The Company has not made any investments for trading purposes. The Surpluses have been deployed in Bank deposits as explained above.

iii) Credit Risk

Credit risk is the risk that counterparty will not meet its obligations under a financial instrument or customer contract, leading to a financial loss. The Company is exposed to credit risk from its operating activities (primarily trade receivables) and from its financing activities, including refundable joint development deposits, security deposits, loans to employees and other financial instrument.

Trade Receivable

Receivable resulting from sale of Properties:

Customer credit risk is managed by requiring customers to pay advances before transfer of ownership, therefore,substantially eliminating the company's credit risk in this respect.

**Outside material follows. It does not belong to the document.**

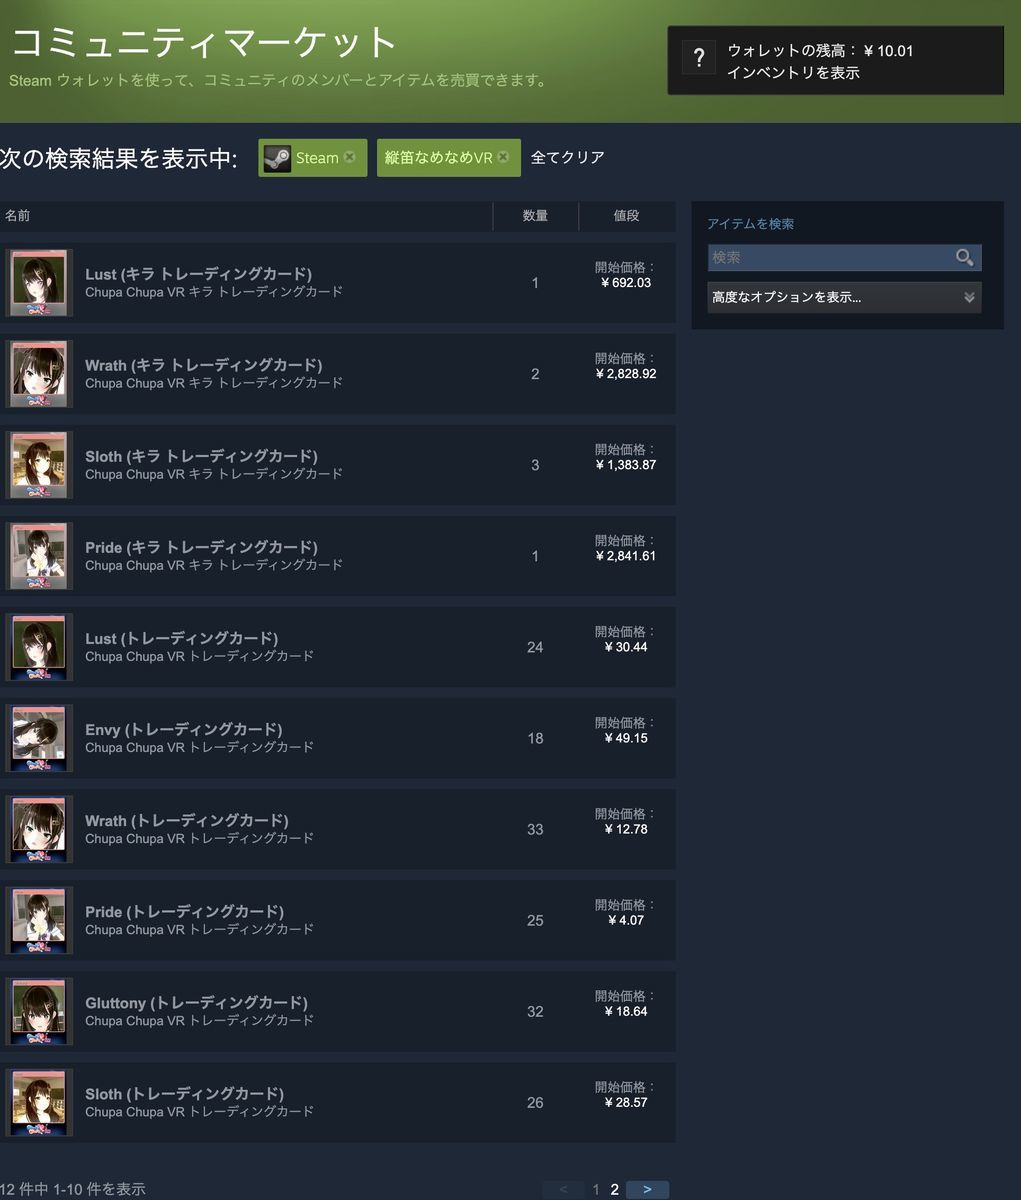 f:id:kan_kikuchi:20200924095607j:plain

Receivable resulting from other than sale of properties: Credit risk is managed by each business unit subject to the company's established policy, procedure and control relating to customer credit risk management. Outstanding customer receivables are regularly monitored. the impairment analysis is performed at each reporting date on an indivdual basis for major clients. In addition, a large number of minor receivables are grouped into homogeneous groups and assessed for impairment collectively. the Maximum exposure to credit collateral as security. the Company's credit period generally ranges from 30-60 days.

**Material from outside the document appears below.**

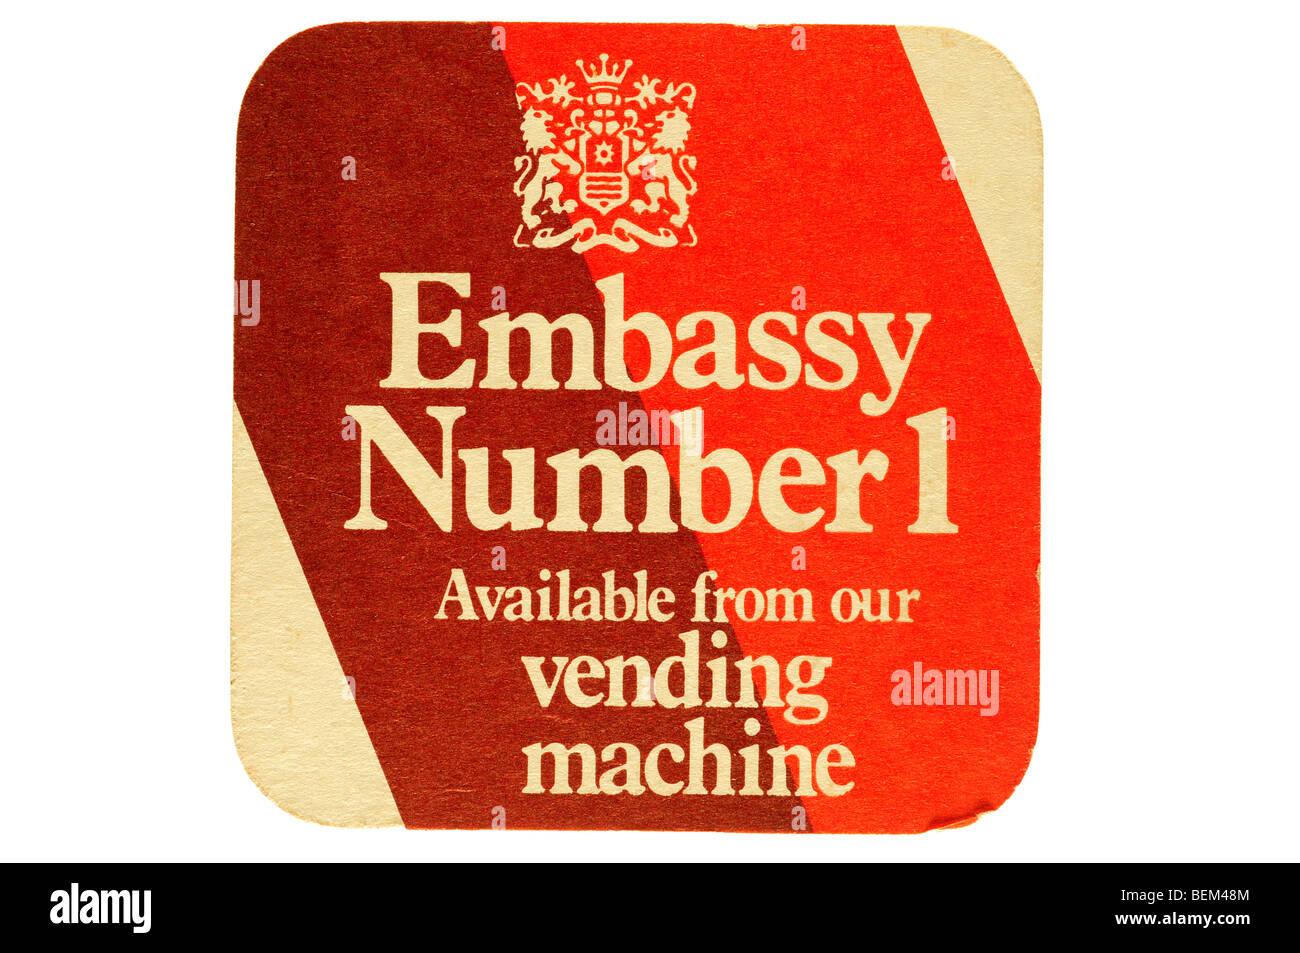 Embajada número 1 disponibles en nuestra máquina expendedora Imagen De Stock

The ageing of trade receivable : Refer note 7

Deposits with Banks and financial institutions

Credit risk from balances with banks and financial institutions is managed by the company's treasury department in accordance with the company's policy. Investment of surplus funds are made only with approved counterparties and within credit limits assigned to each counterparty.

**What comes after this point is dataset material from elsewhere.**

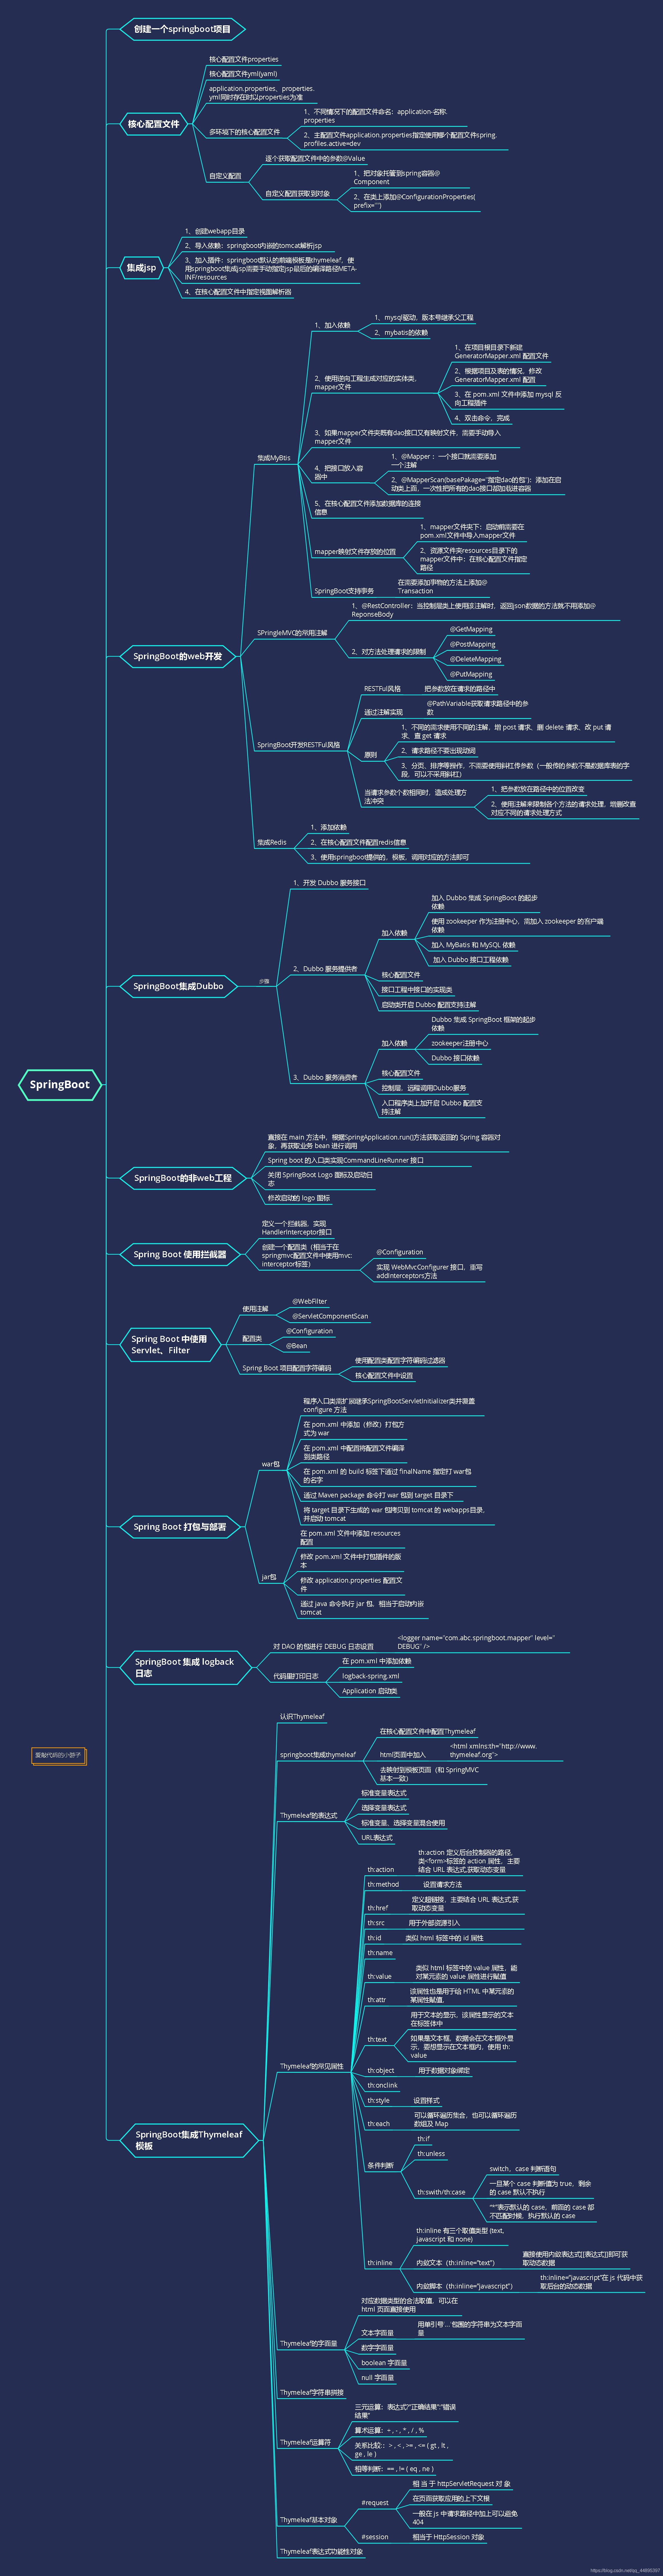 SpringBoot思维导图(SpringBoot基础部分汇总)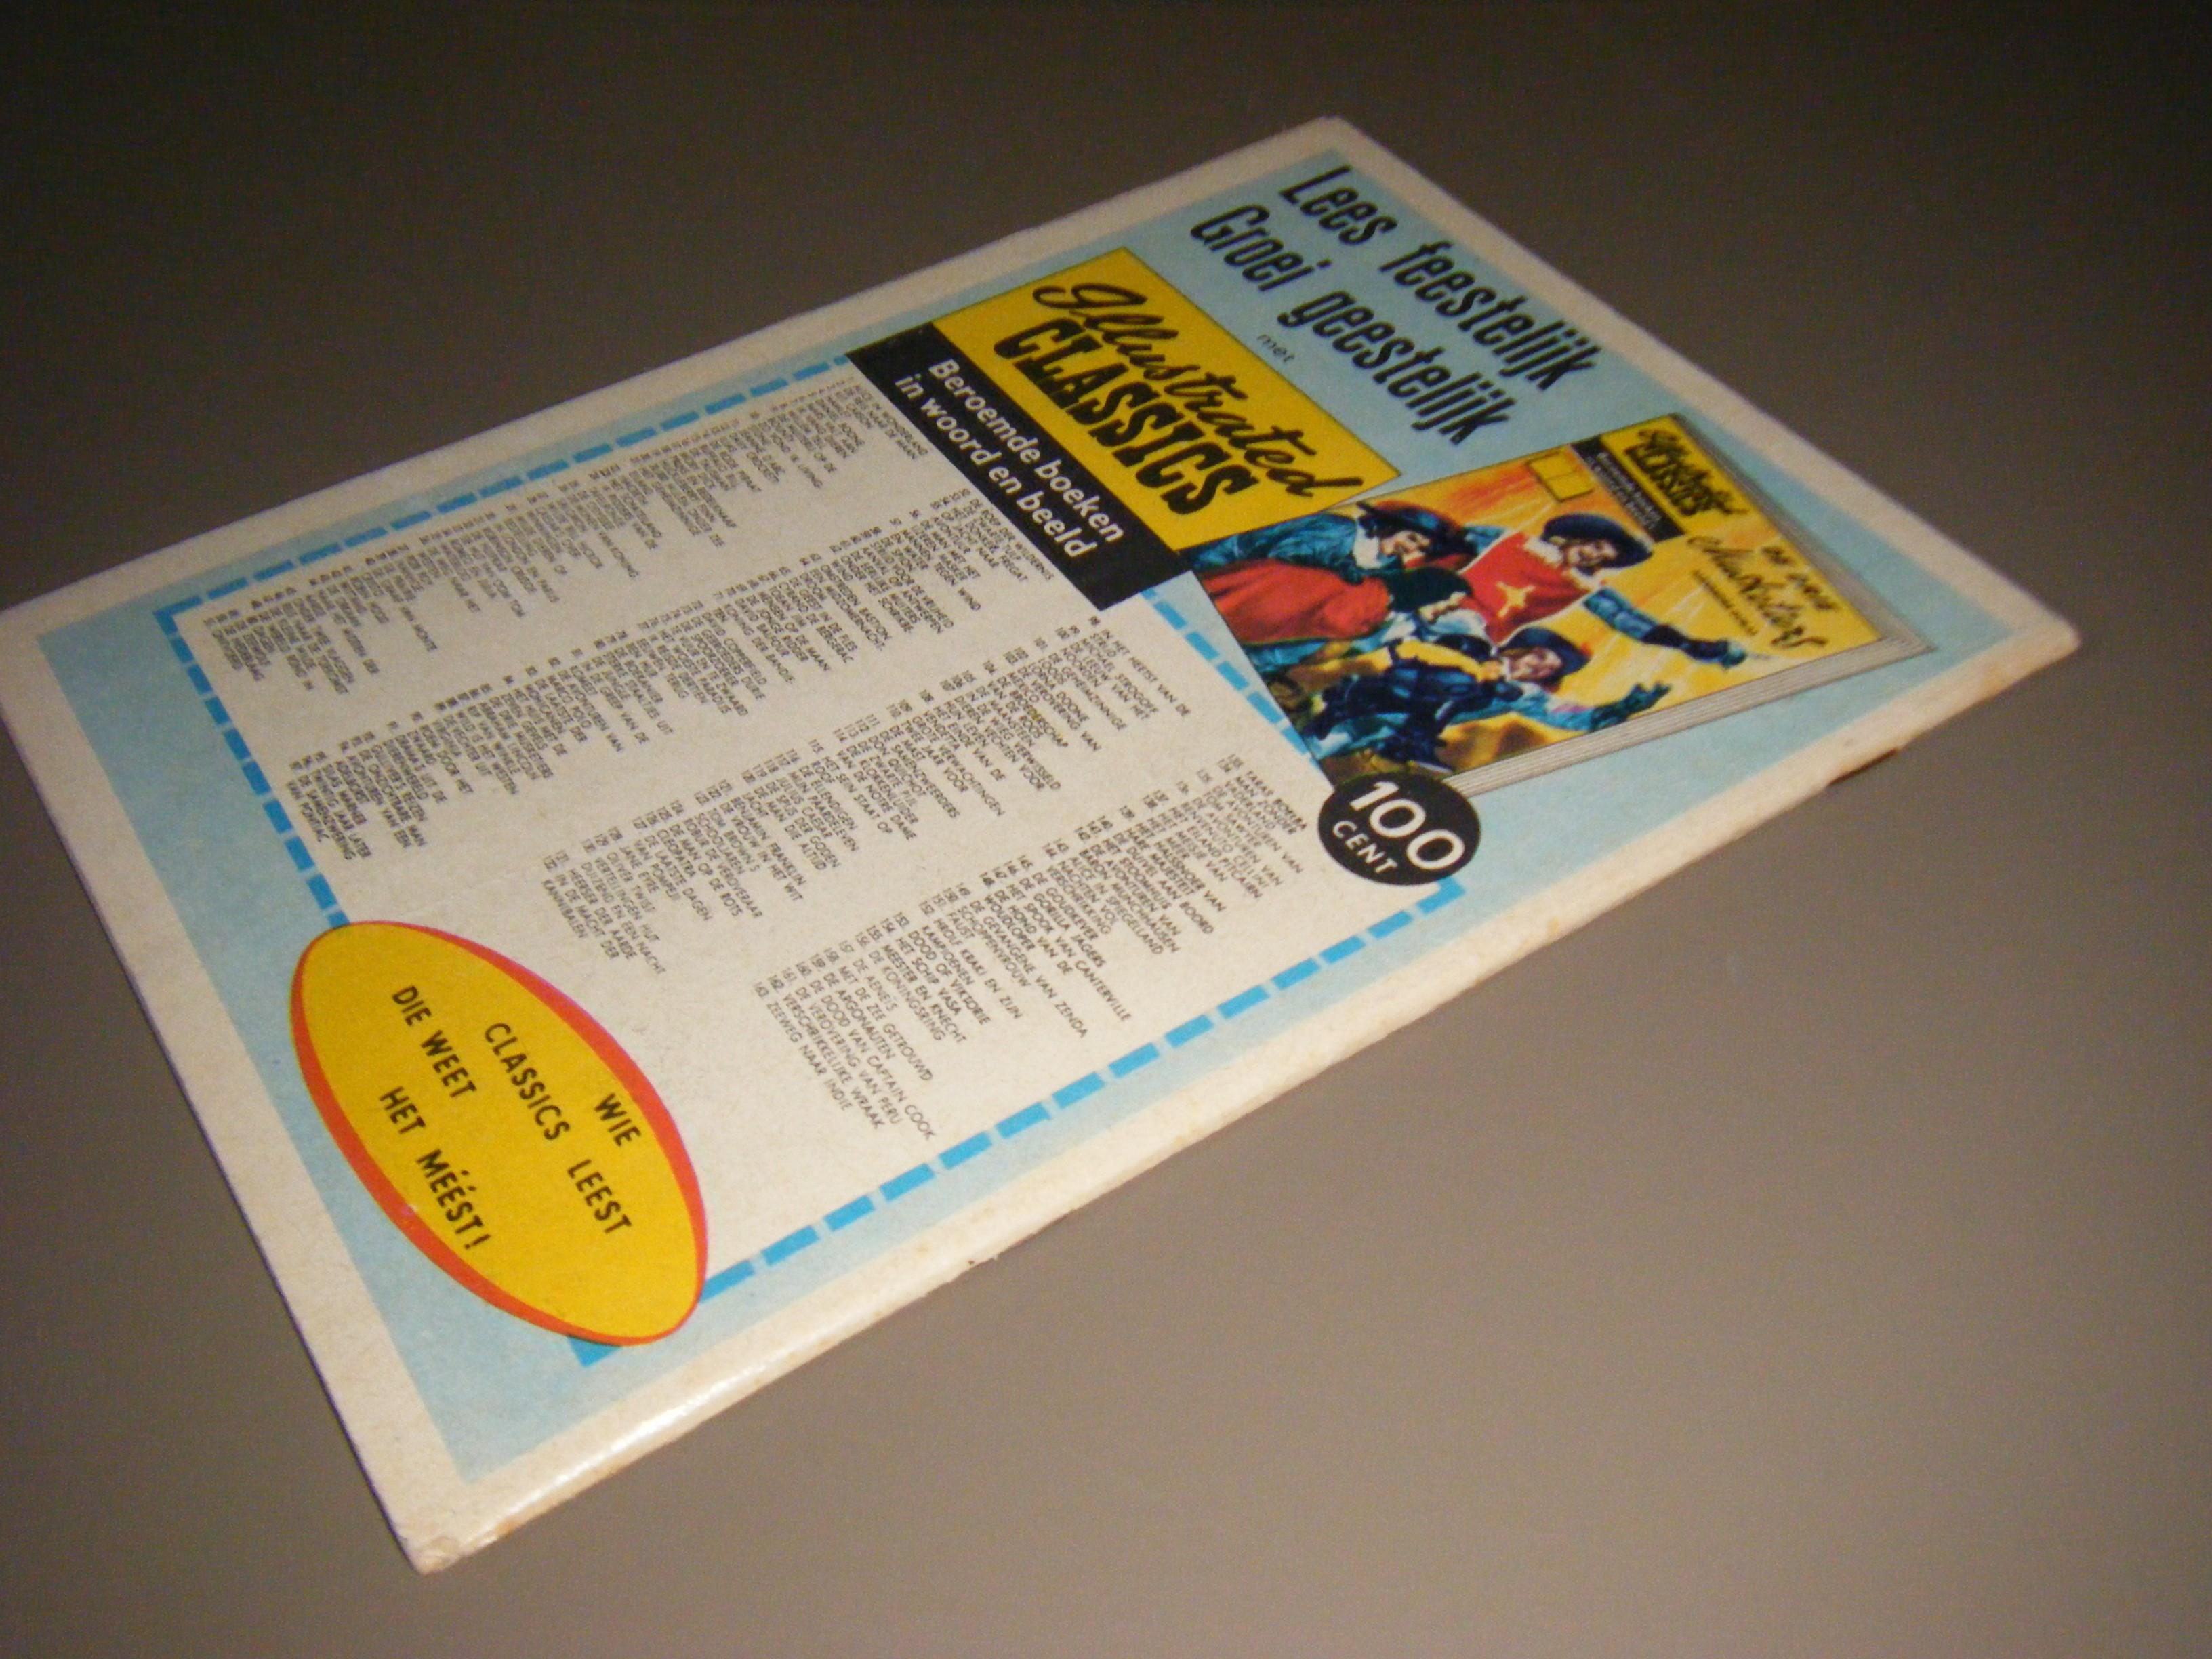 - DE ZEVEN VEROORDEELDEN. Illustrated CLASSICS. Beroemde boeken in woord en beeld. No. 191. (printed in Poland.)

Counterparty credit limits are reviewed by the company's Board of Directors on an annual basis, and may be updated thoughout the year subject to approval of the Board.The Limit

c) Liquidity Risk

The Company's investment decisions relating to deployment of surplus liquidity are guided by the tenets of safety, liquidity and return. The Company manages its liquidity risk by ensuring that it will always have sufficient liquidity to meet its liabilities when due. In case of short term requirements, it obtains short-term loans from its Bankers.

37. Additional information and disclosures

i) Company has used the borrowings from banks and financial institutions for the specific purpose for which it was taken at the balance sheet date

ii) No proceedings have been initiated or pending against the company for holding any benami property under the Benami Transactions (Prohibition) Act, 1988 (45 of 1988) and the rules made thereunder and company has not been declared as willful defaulter by and bank or institution or other lender

iii) To the best of the information available, the company has not entered into any transactions with companies struck off under section 248 of the Companies Act, 2013 or section 560 of Companies Act, 1956

vii) Company has not traded or invested in Crypto currency or virtual currency during the financial year.

38 The company has received the certified order copy from NCLT dated 19.07.2024 which approves the scheme of arrangement for demerger of Realty Business undertaking of the existing company RDB Realty and Infrastructure Limited (Demerged company). The Realty Business undertaking has been transferred to the resulting company RDB Real Estate Construction Limited w.e.f. 01.10.2022.

39 As per certified order copy issued by NCLT relating to the scheme of arrangement for demerger dated 19.07.2024, all the investments of the demerged entity have been transferred to the resulting company RDB Real Estate Construction Limited w.e.f. 01.10.2022. Hence, consolidation is not applicable on the demerged entity as on 31.03.2024 and 31.03.2023.

40 As the effective date of the Demerger in the Order issued by NCLT is 01.10.22, the Company has not prepared a comparative cash flow statement for the financial year 2022-23.

41 The Figure of previous year have been recast, regrouped whether considered necessary.